Digital security discipline

Namespace security is a digital security discipline that refers to the practices and technologies employed to protect the names and identifiers within a digital namespace from unauthorized access, manipulation, or misuse. It involves ensuring the integrity and security of domain names and other digital identifiers within networked environments, such as the Internet's Domain Name System (DNS), software development namespaces and containerization platforms.
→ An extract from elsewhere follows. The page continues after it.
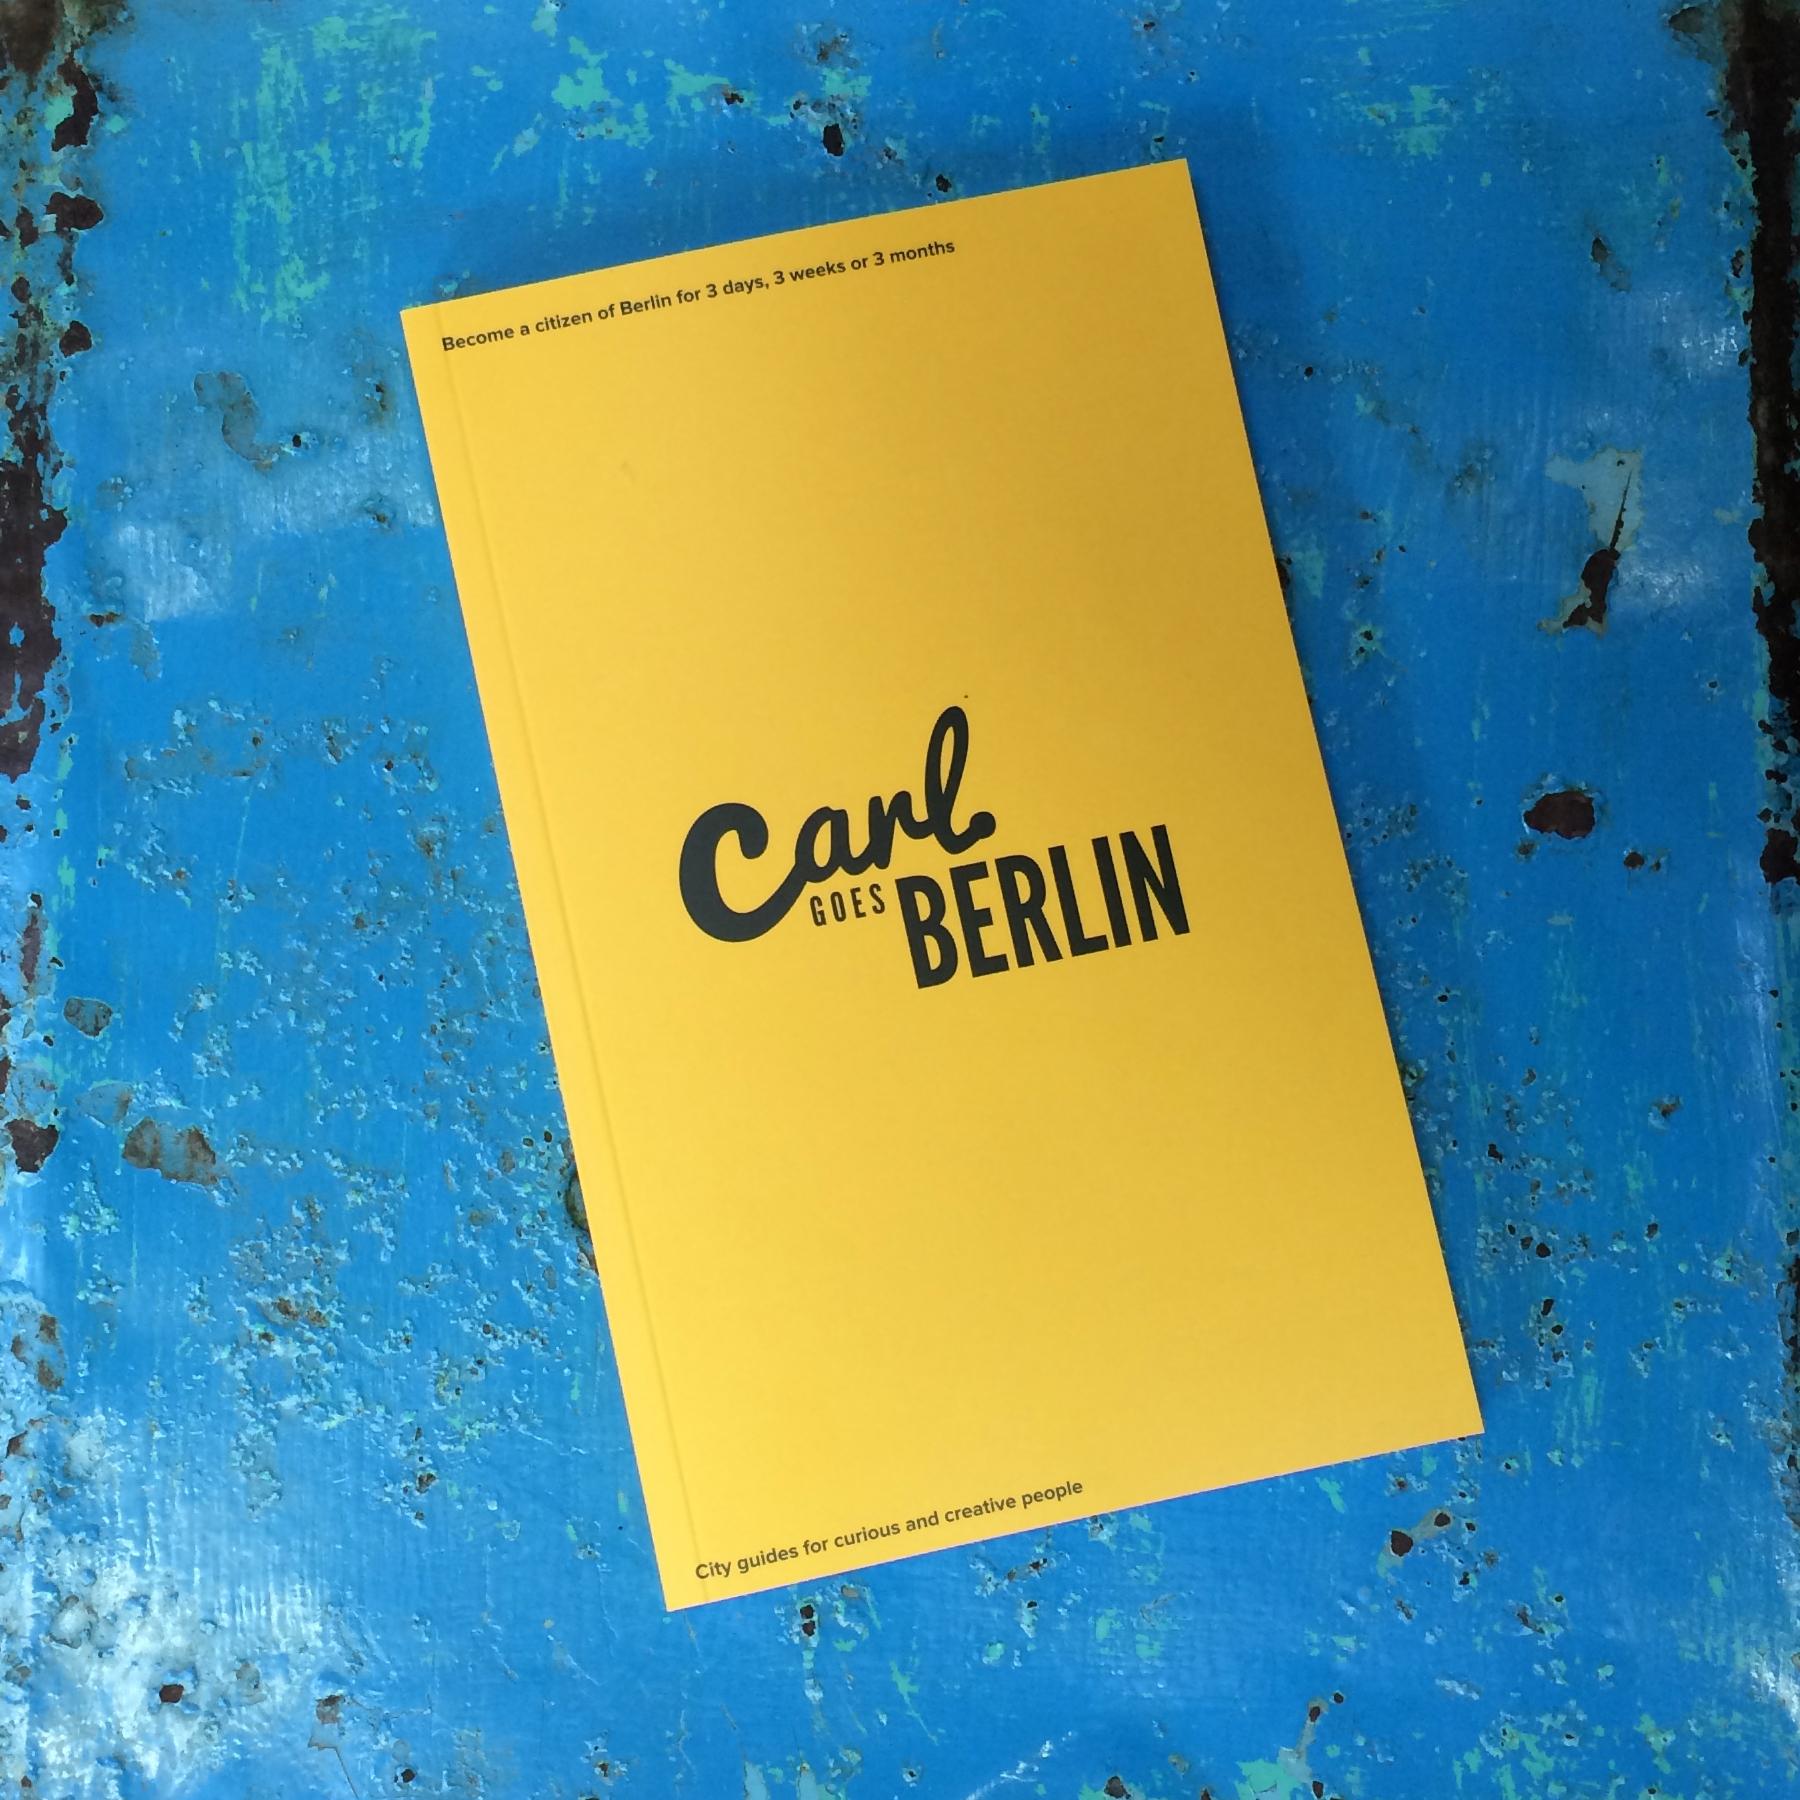 carl goes berlin cover on blue.jpg

Effective namespace security is crucial for maintaining the reliability and trustworthiness of brands and their digital services and for preventing cyber threats including impersonation, domain name hijacking or spoofing of digital identifiers like domain names and social media handles.

==Namespace security in the Domain Name System==

In the digital age, the significance of namespace security has been magnified as the internet is predominantly navigated through the use of the Domain Name System, which constitutes a collection of namespaces, which together comprise the Internet as defined by the Internet Assigned Numbers Authority (IANA) managed DNS root zone. This includes Top Level Domains (TLDs) such as .com and .net as well as domain names such as google.com and IBM.com.
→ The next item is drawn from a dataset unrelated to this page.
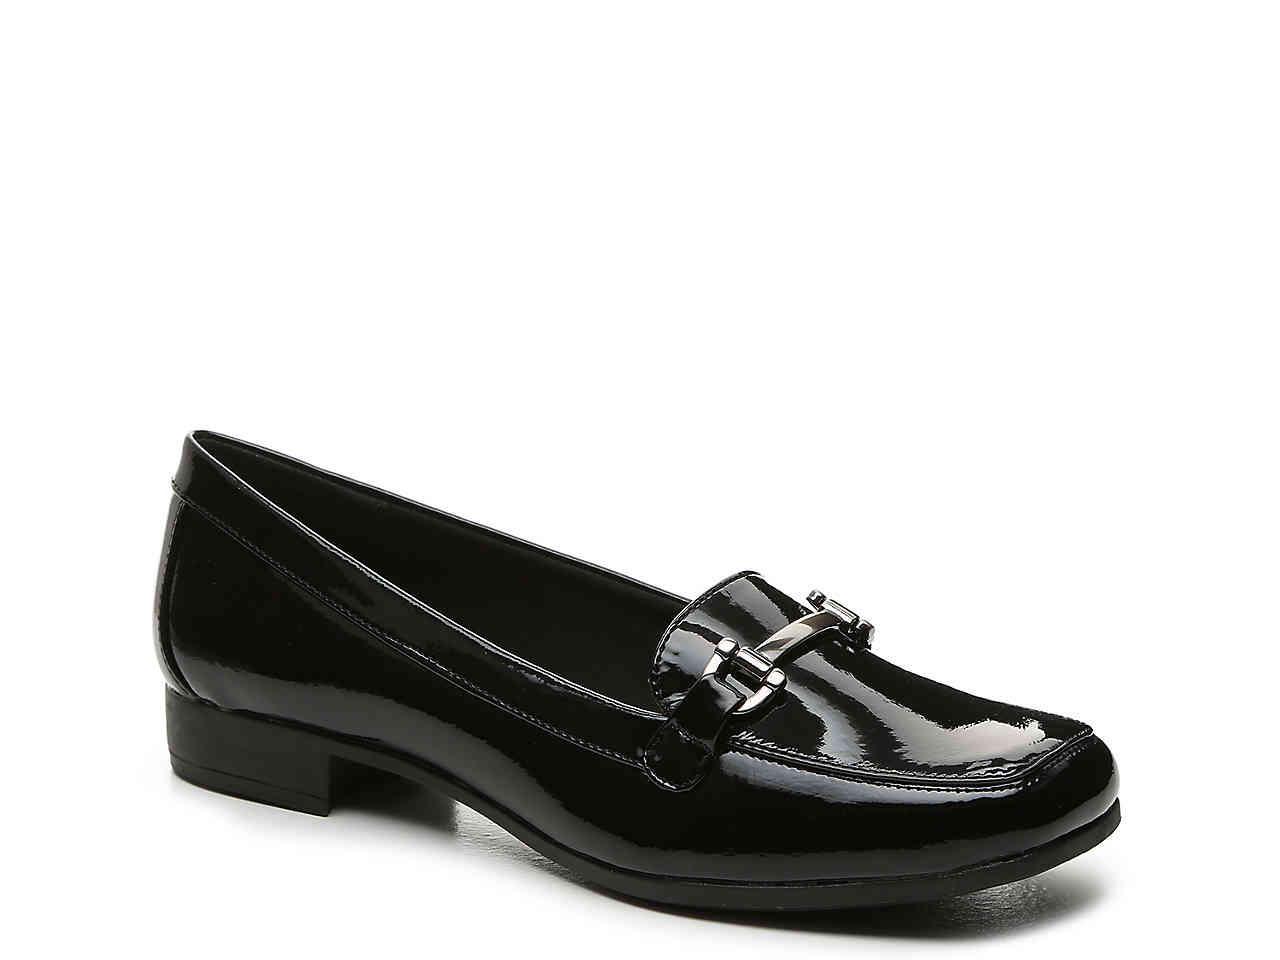 935d2604190 Lyst - Anne Klein Varina Loafer in Black - Save 49%

These digital namespaces and the identifiers they contain are fundamental to maintaining the integrity and security of the internet and its stakeholders. If these identifiers can not be trusted, it erodes the foundational trust in the internet itself. The DNS functions as the internet's phone book, translating human-friendly domain names into IP addresses that computers use to identify each other on the network.

Given its role in internet architecture, securing digital namespaces and identifiers from domain name hijacking, DNS hijacking, DNS spoofing, and other forms of cyber attacks is imperative for the safety of users and the reliability of internet services.

Good namespace security contributes to prevention of corporate identity theft and preserving the trust and confidence of stakeholders. The management and lifecycle oversight of these digital identifiers are essential for mitigating risks associated with cybersecurity vulnerabilities and operational disruptions.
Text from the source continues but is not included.